Let $R$ be a non-commutative ring such that every element is either invertible or nilpotent. I am trying to show that the set of nilpotent elements, denoted $I$, is a two sided ideal, but I am having problems with showing that the sum of two nilpotent elements is nilpotent.

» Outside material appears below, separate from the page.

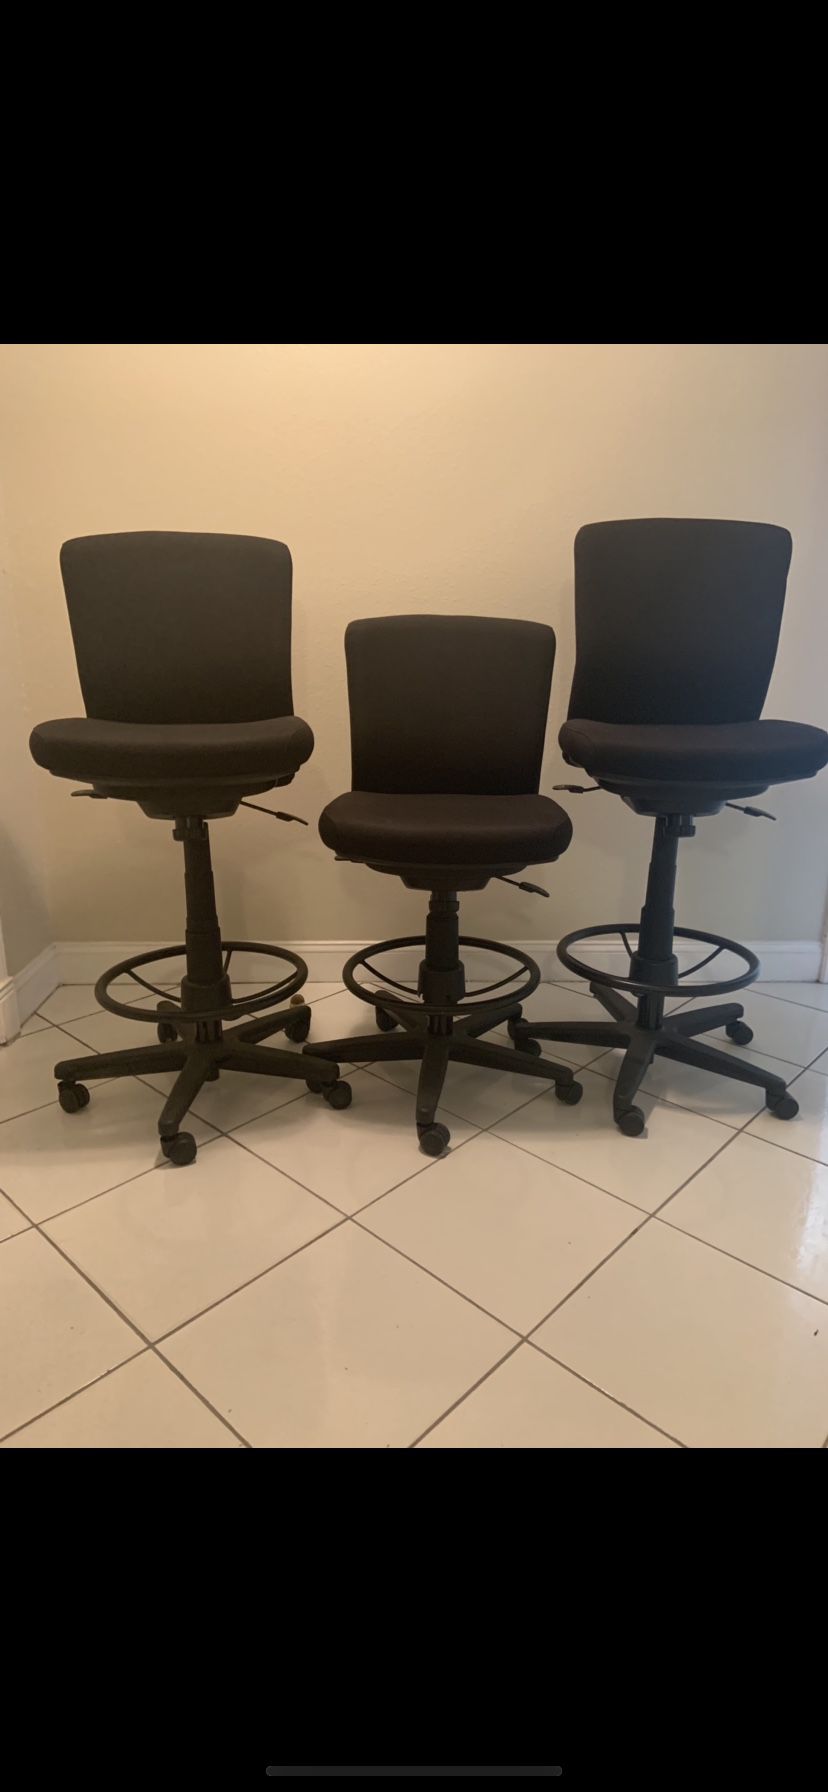 Kimball office chairs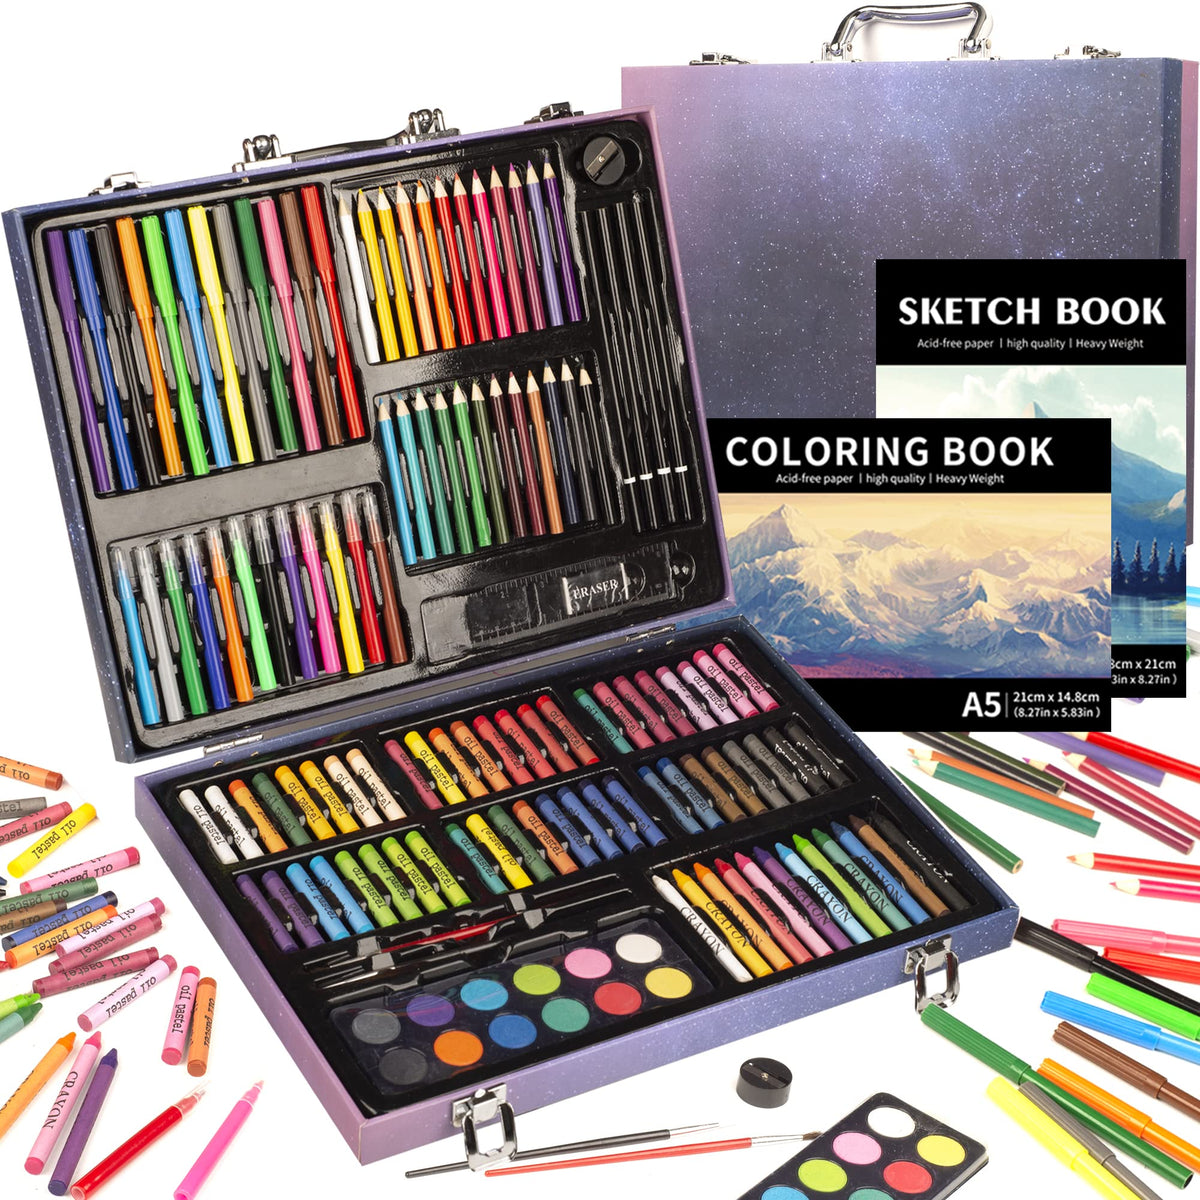  143 PCS Deluxe Art Set Artist Drawing&Painting Set,Art Supplies  with Wooden Case Crafts-Professional Art Kit for Kids Teens and Adults  Artist

Note that we cannot use the binomial theorem, since we are dealing with a noncommutative ring. Can someone provide me with a tip?
Thank you in advance.
I proved that the product is nilpotent by noting that if $0\neq x\in I$ and $y\in R$ with $x^n=0$, assuming that $xy$ is invertible we get $x^{n-1} = x^{n-1}xy(xy)^{-1} = 0$, which by induction would lead to $x=0$, which is a contradiction.
Let $x\in R$ be nilpotent and $r\in R$ be arbitrary. If $xr$ is not nilpotent, it is invertible, so $xr(xr)^{-1}=1$ and therefore $x$ is right invertible. This is impossible, because from $x^n=0$ and $xy=1$ we get $x^{n-1}=0$, leading to a contradiction.
Similarly, $rx$ is nilpotent.
Suppose $x$ and $y$ are nilpotent, but $z=x+y$ is invertible. Then $$ (x+y)z^{-1}=1 $$ and so $$ xz^{-1}=1-yz^{-1} $$ By what we have proved before, we know that $yz^{-1}$ is nilpotent. However, when $a\in R$ is nilpotent, $1-a$ is invertible; indeed, assuming $a^{n+1}=0$, we have $$ (1-a)(1+a+\dots+a^{n})=1-a^{n+1}=1 $$ and similarly on the other side. Therefore $xz^{-1}$ is invertible. Contradiction.